Running may appear to be a natural movement pattern, but that does not mean it is straightforward. When you think about it, the running stride is quite complex. Your arms and legs, for example, should move in a coordinated yet reciprocal pattern, you should land on your mid-foot, and your stride should be long enough to be efficient but short enough to allow you to take lighter and faster strides.
Running economy and performance are influenced by your running form, foot strike, and cadence. While most runners are very knowledgeable about running form and foot strike, running cadence is rarely discussed, despite the fact that it can have a significant impact on your pace, injury risk, and efficiency as a runner.
We’ll look at running cadence, which is your stride rate, or how many steps per minute you’re taking when running.

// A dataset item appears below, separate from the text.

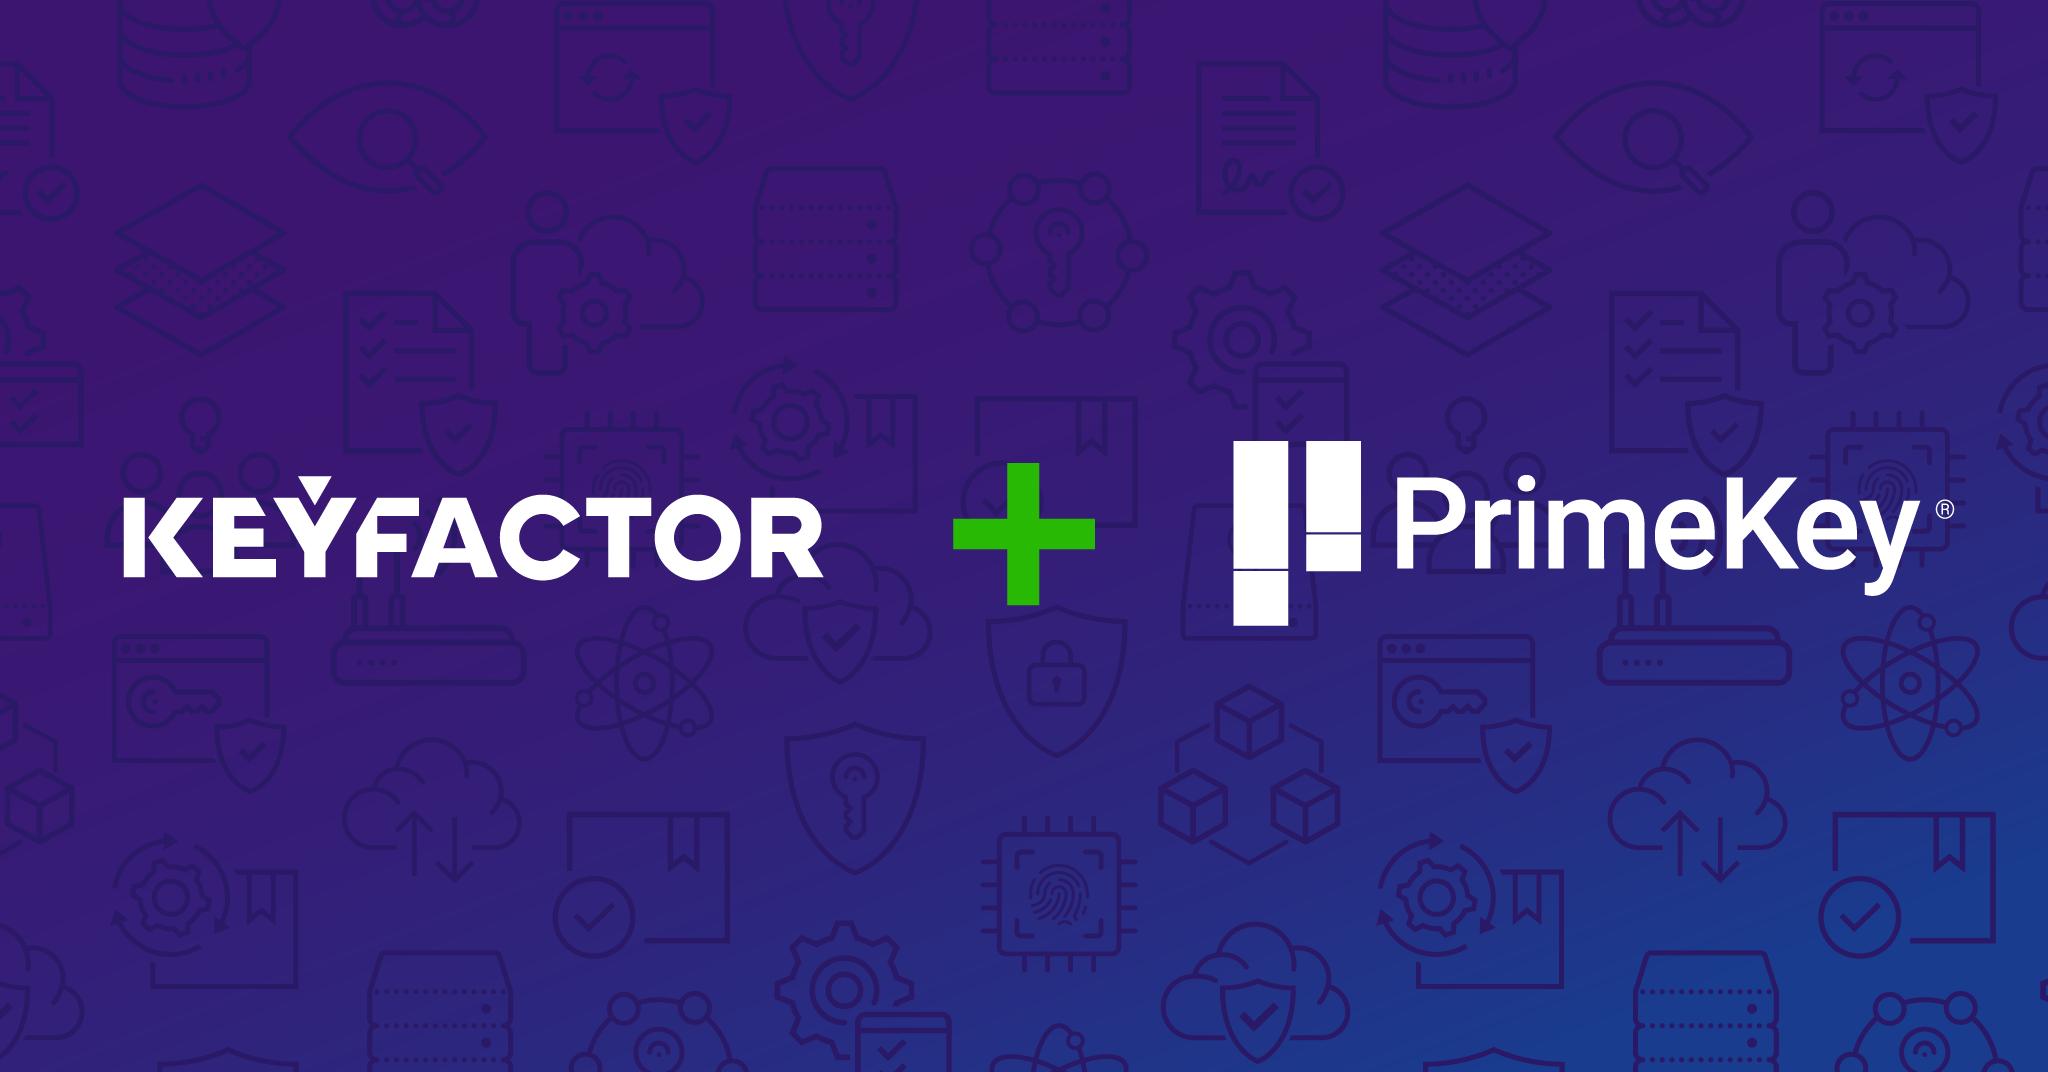 Keyfactor has completed merger with PrimeKey under the Keyfactor brand

We’ll talk about why it matters, what elements influence running cadence, whether there is an optimal running cadence, and how to change your running cadence.
What is the meaning of running cadence?
The amount of steps you take per minute when running is your running cadence. STP stands for steps per minute, and it can also be referred to as stride rate or stride frequency.
Your cadence and stride length combine to determine your speed. To put it another way, the longer your stride, the more ground you cover; the more strides each minute, the more ground you cover.
How to figure out your jogging cadence.
You can figure out your running cadence by counting how many steps you take in a minute while jogging, or by counting how many times one foot falls during a specific time interval and then extrapolating that rate for both feet for a complete minute.